Смешно – да, я знаю. Не судите меня.
– Я дам тебе десять тысяч долларов за четыре часа сна. Я прямо сейчас выпишу тебе чек.
Я машу чековой книжкой у него перед лицом, надеясь его отвлечь.
А его это раздражает еще больше.
«Уаааа...»
Швыряю чековую книжку назад на стол и возвращаюсь в гостиную. Начинаю нарезать круги, тихонько укачивая его на руках, похлопывая его по попке. Знаете, должно быть, я совсем в отчаянии – потому что я пытаюсь петь:
Тише, малыш, не говори ни слова
Папочка купит тебе…
Я останавливаюсь – какого хрена ребенок захочет птичку пересмешника? В этих детских песенках нет никакого смысла. Я не знаю никаких колыбельных, поэтому перехожу к следующей лучшей вещи – «Enter Sandman» группы Металлика:
Возьми меня за руку,
Мы на пути в Неверленд …
«Уаааааааааааааа.»
Когда и это не помогает, я сажусь на диван. Кладу Джеймса себе на колени и рукой поддерживаю его за головку. Смотрю на его личико – и хотя он до сих пор орет, я не могу удержаться от улыбки. А потом, тихим спокойным голосом начинаю с ним говорить.

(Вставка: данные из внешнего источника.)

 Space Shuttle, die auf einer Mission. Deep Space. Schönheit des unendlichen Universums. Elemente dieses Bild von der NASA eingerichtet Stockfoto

– Знаешь, я понимаю. Почему ты так расстроен. В один момент ты плавал в амниотической жидкости – где темно, тепло и тихо. А потом, минуту спустя, тебе холодно, повсюду яркий свет и какой-то придурок колет тебя в пятку иглой. Весь твой мир перевернулся с ног на голову.
Поток слез начинает уменьшаться. Хотя всхлипывания еще продолжаются, его большие карие глаза смотрят на меня. Я знаю, что существует теория, будто младенцы в этом возрасте не понимают языка, но – как мужчины, пытающиеся избежать работы по дому – думаю, они знают больше, чем делают вид.
– Я испытывал то же самое, когда повстречался с твоей мамой. Вечно искал приключений, проживая охрененно фантастичную жизнь – и тут появилась твоя мама и послала все к чертям собачьим. На меня слишком много навалилось: и работа, и мои субботние вечера. Но об этом в следующий раз, но правду говорят: ты проводишь девять месяцев, чтобы выбраться на свет, и остальную часть жизни пытаешься забраться туда, откуда вылез.
Я смеюсь над своей собственной шуткой.
– Тебе, наверно, не захочется этого слышать, но твоя мама шикарна – у нее самый лучший зад, который я когда-либо видел. Тем не менее, мне, действительно, нравилась моя старая жизнь, и я не мог представить чего-то лучше. Но я был не прав, Джеймс – влюбиться в нее, заслужить ее доверие, твое рождение – самое лучшее, что я делал.
Он больше не плачет, но просто внимательно меня рассматривает.
– Привыкнуть может быть сложно… но оно того стоит. Так что не мог ты быть к нам немного снисходительным, пожалуйста? Мы так сильно тебя любим – я не могу дождаться, чтобы показать тебе, как прекрасна может быть жизнь. И ты не должен бояться, потому что всегда будешь в тепле и сытым. И обещаю, я никогда, никогда не позволю чего-нибудь плохому случиться с тобой.
Его маленький ротик открывается от растяжного зевания. А глазки начинают потихоньку закрываться. Я поднимаюсь и снова начинаю ходить по комнате, медленно.
С другой стороны комнаты доносится шепот Кейт.
– Ты точно уговоришь любого, Мистер Эванс.
У нее взлохмаченные волосы; моя футболка с колледжа висит на ней мешком и практически достает ей до колен.
– Ты почему не спишь? – спрашиваю я.
Она пожимает плечами.
– Не смогла уснуть. И слышала, как ты тут шепчешь.
Она подходит к нам и кладет свою голову мне на плечо, глядя вниз на малыша.
– Он заснул.
Так и есть.
– Это будет рискованно, если я положу его, или мне следует научиться спать стоя, как чертова лошадь?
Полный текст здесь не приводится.